Just seen that this is due out in April. It includes the entire original game (which I own and would heartily recommend) as well as a lot of DLC, for about £20.

Hmm. I really like the original but I'm not sure if there's enough there to justify purchasing what amounts to an expansion pack.

Menus will be redesigned (I like this, they're a bit clunky) but they're going to make travelling easier (boo!). There will also be more character creation options, which I like the sound of.

What do others think? If I didn't own the original this'd be a definite purchase. The Last Of Us comes out a week or two later, and I have neither the time nor the money to buy two games that close together.


----------



## nubins (Feb 12, 2013)

A lot of the Dragons Dogma DLC was ... poor.
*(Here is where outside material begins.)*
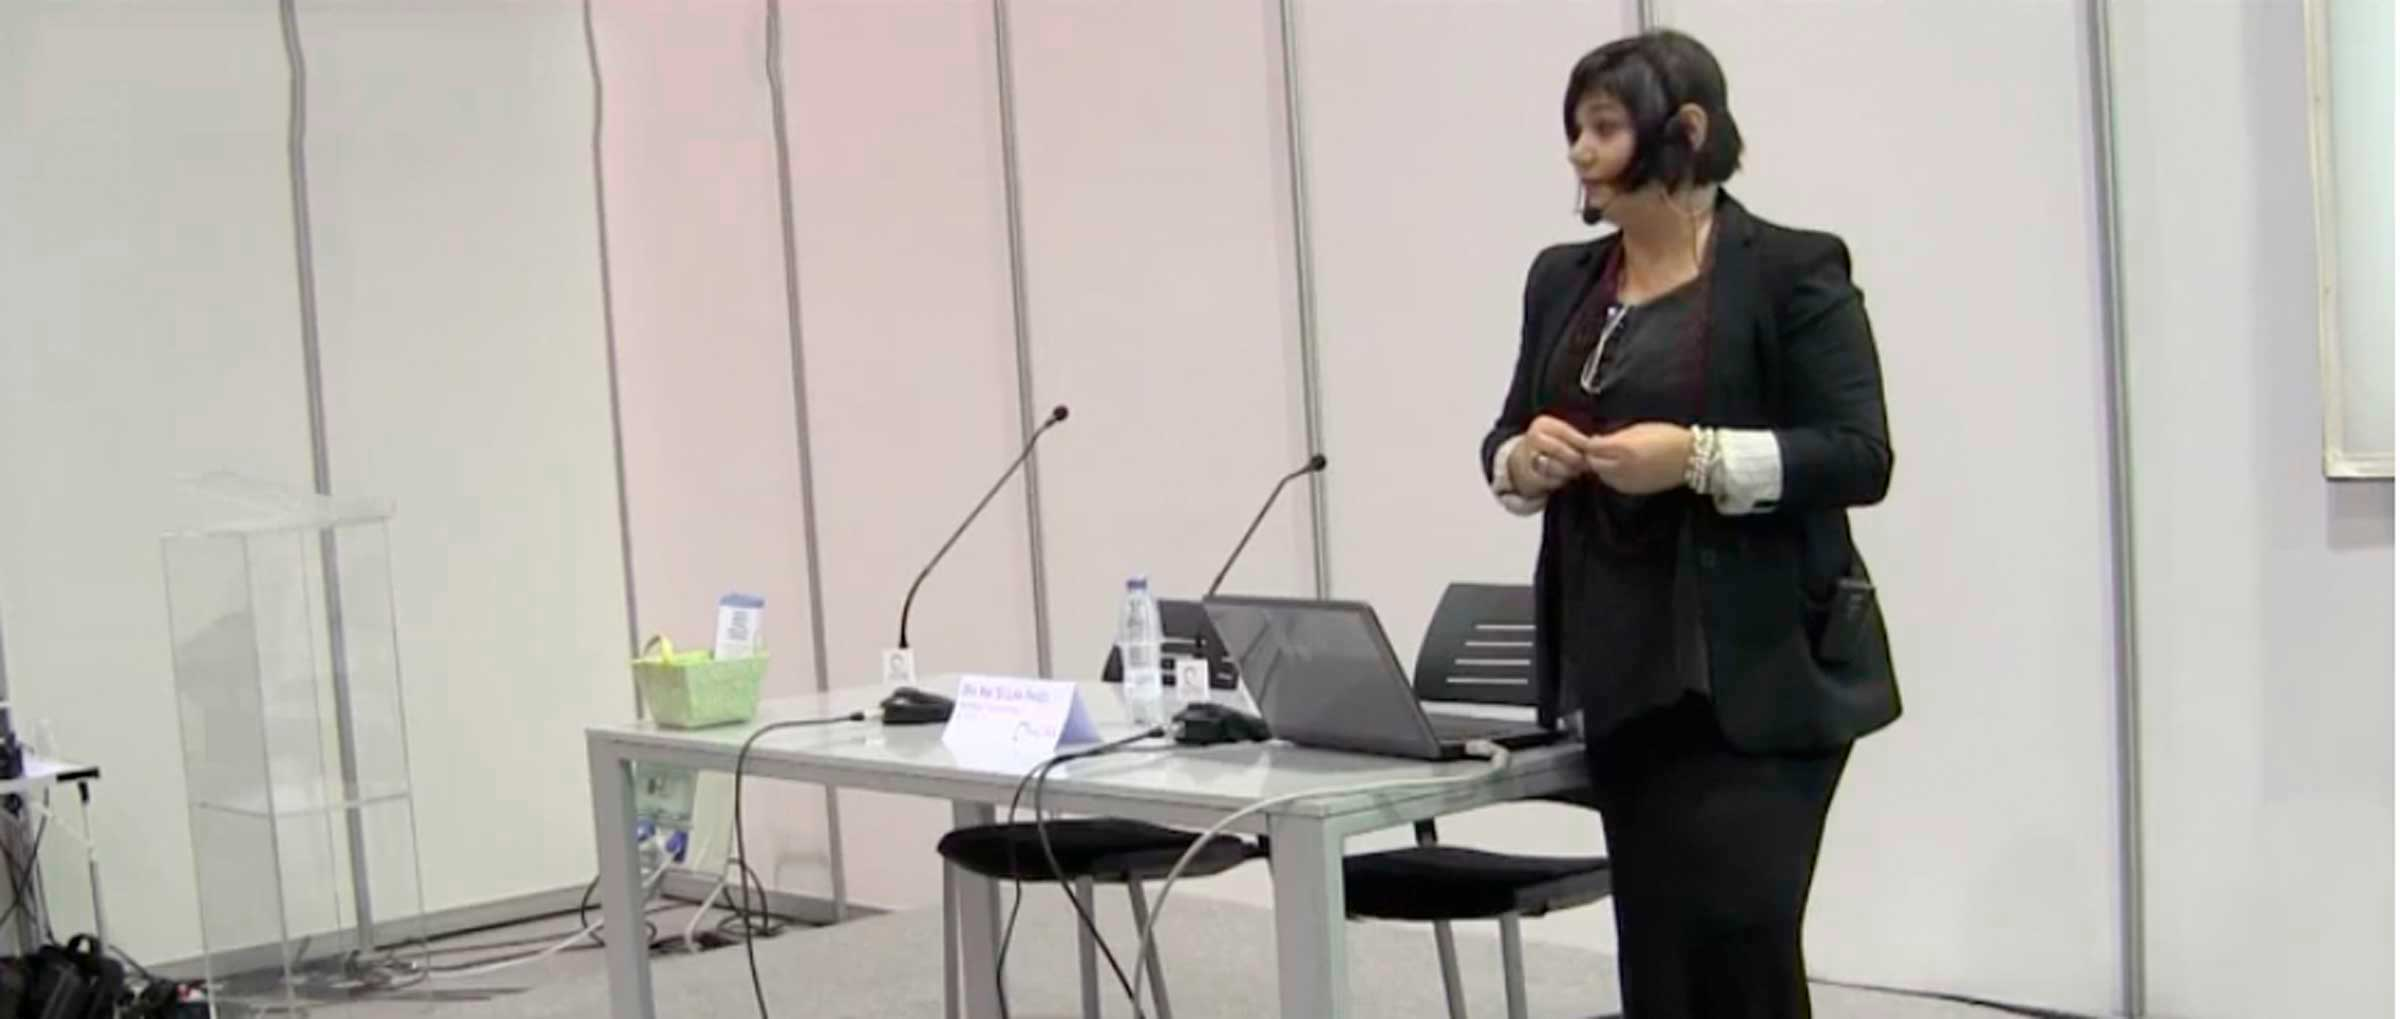 Speech of Dr Ana María Segura Paños

I bought some of the early quest packs and then quickly regretted it when I realised the "extra quests" amounted to no more than travelling to locations on the map. I wish I was joking but thats literally what the added quests were. So i'd treat with caution, as good as the core game is.


----------



## thaddeus6th (Feb 12, 2013)

Ah. Thanks for that, nubins.

If others have similar tales (of woe or delight) regarding DLC, please do share.


----------



## devilsgrin (Feb 13, 2013)

some of the DLC gear is quite nice, but the dlc quests weren't good. 

that said, for more customization options i would always be willing to fork over more money. I absolutely loved this game.


----------



## thaddeus6th (Feb 13, 2013)

Must admit I love character creation generally, and the fact Dogma's went beyond the Make Your Face approach was something I liked a lot.


----------



## devilsgrin (Feb 14, 2013)

i really appreciated that body mass made a difference to carry weight capacity. I thought that was really clever. And to your character's agility and speed.


----------



## Daggers (Apr 21, 2013)

I've heard and seen great things about DD: Dark Arisen. I bought the original game last year on release and I have to say it's one of my favourite games of 2012. I'm not sure I will get Dark Arisen straight away as I actually haven't finished the game yet due to becoming distracted with other things. 

In ten years time Dragon's Dogma is going to be one of those classic hard to find games that not many people know about but those who do loved it. So if anyone is swithering, just go for it. If you like this kind of game you won't regret it.


----------